Embora já se conhecessem as principais cadeias montanhosas da Antártida, essa nova metodologia revelou dezenas de milhares de colinas e cristas até então desconhecidas, além de detalhes muito mais precisos de montanhas e cânions enterrados sob o gelo.
"Acho muito interessante observar todas essas novas paisagens e ver o que existe ali", disse Ockenden. "É como quando você vê, pela primeira vez, um mapa topográfico de Marte e pensa: 'uau, isso é fascinante, isso parece um pouco com a Escócia' ou 'isso não se parece com nada que eu já tenha visto antes'."
Uma das descobertas mais intrigantes é um canal profundo escavado no leito da Antártida em uma área conhecida como Bacia Subglacial de Maud.
O canal tem, em média, 50 metros de profundidade, 6 km de largura e se estende por quase 400 km, um pouco menos que a distância entre São Paulo e Rio de Janeiro.
O novo mapa elaborado pelos pesquisadores dificilmente será definitivo. Ele se baseia em pressupostos sobre a forma exata como o gelo se desloca, o que, como qualquer método, envolve incertezas.
Além disso, ainda há muito a ser descoberto sobre as rochas e os sedimentos que estão sob a camada de gelo.
Mesmo assim, outros pesquisadores concordam que, combinado a levantamentos adicionais feitos em terra, no ar e no espaço, o mapa representa um avanço importante.
"É um produto realmente muito útil", disse Peter Fretwell, pesquisador sênior do British Antarctic Survey, em Cambridge (Reino Unido), que não participou do novo estudo, mas esteve amplamente envolvido em mapeamentos anteriores.
"Ele nos dá a oportunidade de preencher as lacunas entre esses levantamentos", acrescentou.
Segundo os autores do estudo, uma compreensão mais detalhada de cristas, colinas, montanhas e canais pode aprimorar os modelos computacionais que projetam como a Antártida pode mudar no futuro.
Isso ocorre porque essas formas de relevo acabam determinando a velocidade com que as geleiras acima se movem e o ritmo de seu recuo em um clima em aquecimento.

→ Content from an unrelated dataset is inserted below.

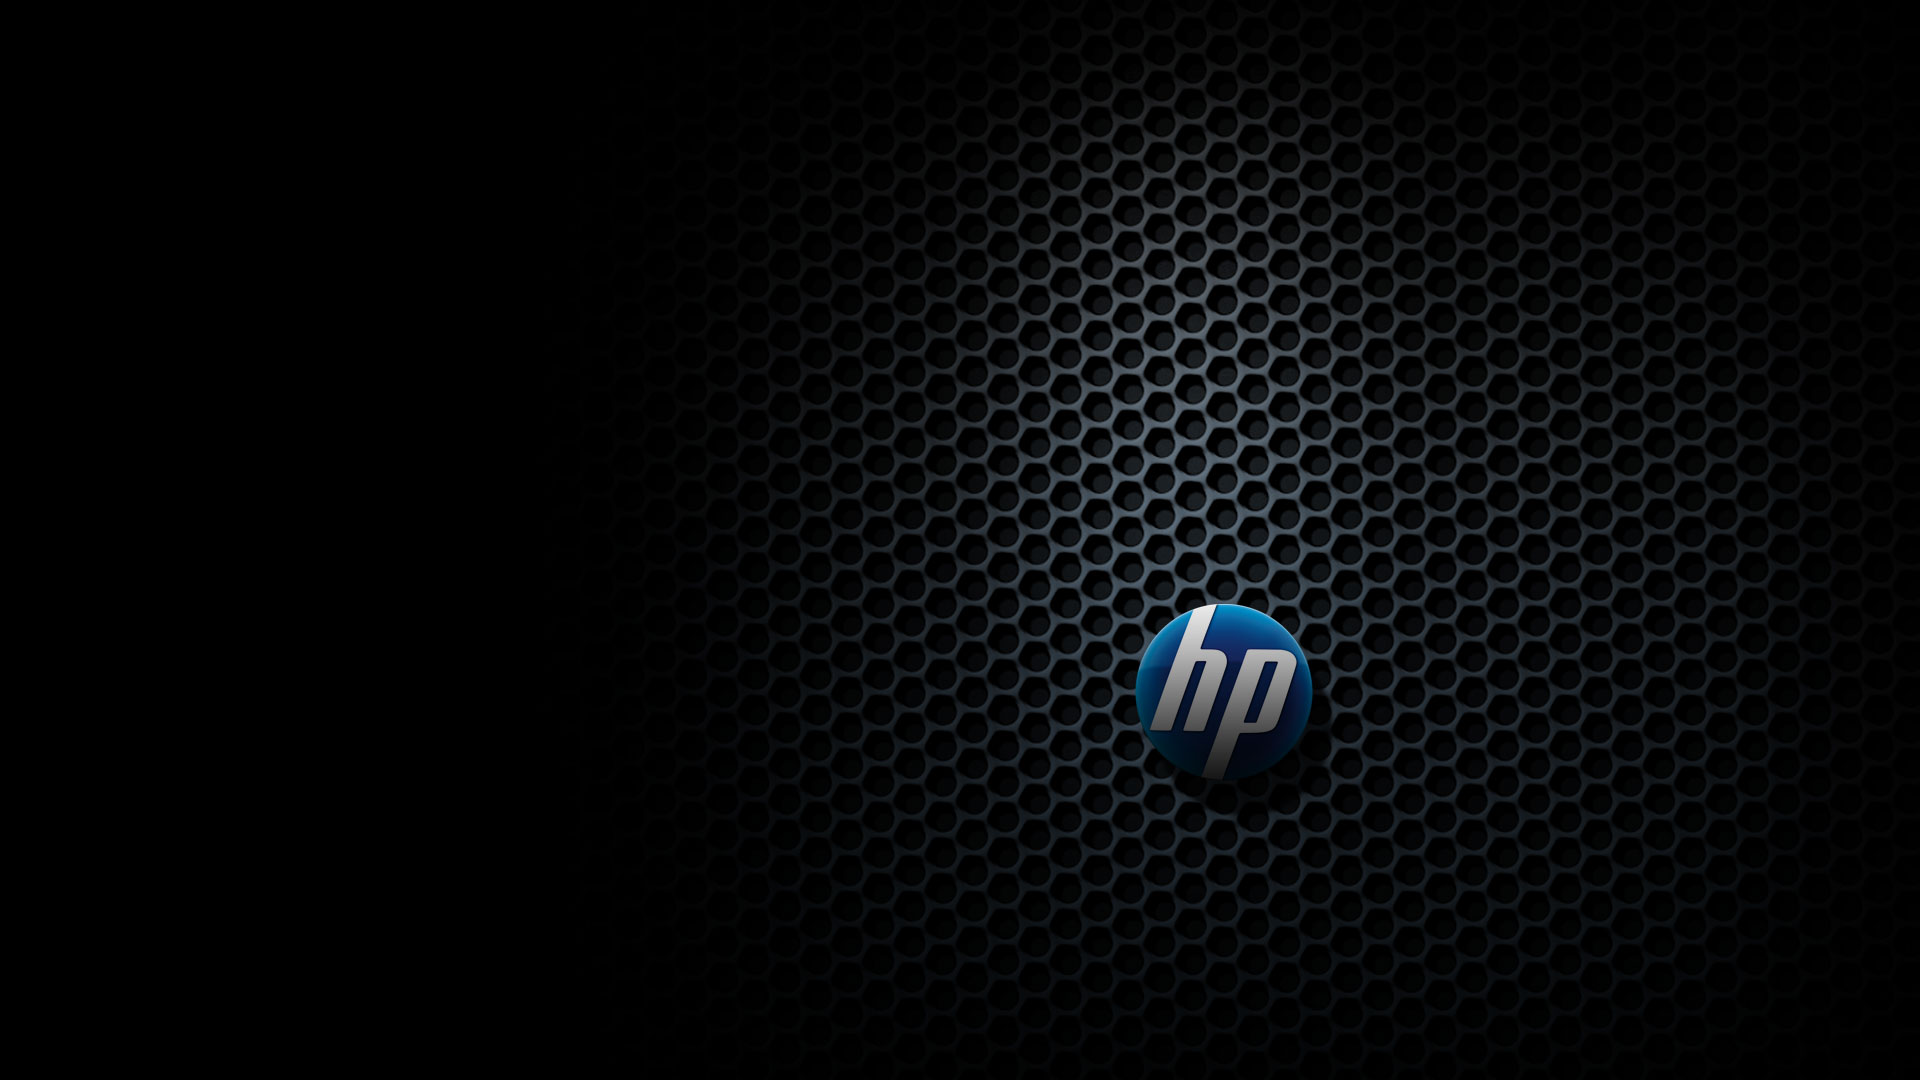 hp desktop wallpapers hd 1080p Desktop Backgrounds for HD 1920x1080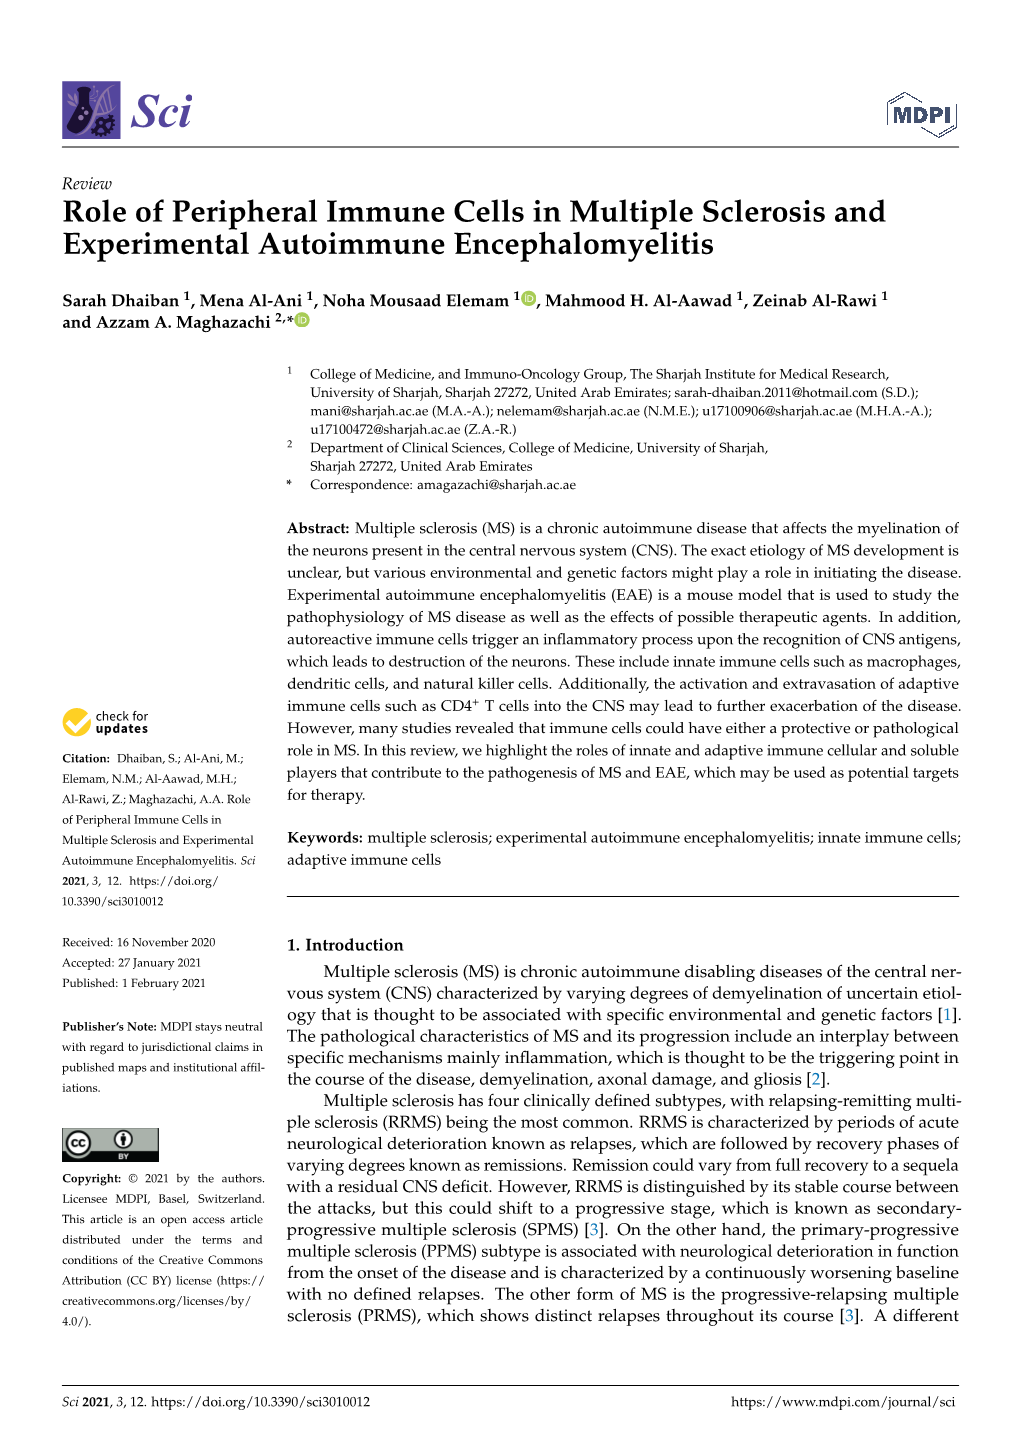 Role of Peripheral Immune Cells in Multiple Sclerosis and Experimental Autoimmune Encephalomyelitis

Esse ponto é crucial porque a velocidade futura do derretimento na Antártida é considerada uma das maiores incógnitas da ciência do clima.
"[Este estudo nos dá] uma visão mais clara do que vai acontecer no futuro e de quão rapidamente o gelo da Antártida vai contribuir para a elevação do nível global do mar", concordou Fretwell.
O estudo foi publicado na revista científica Science.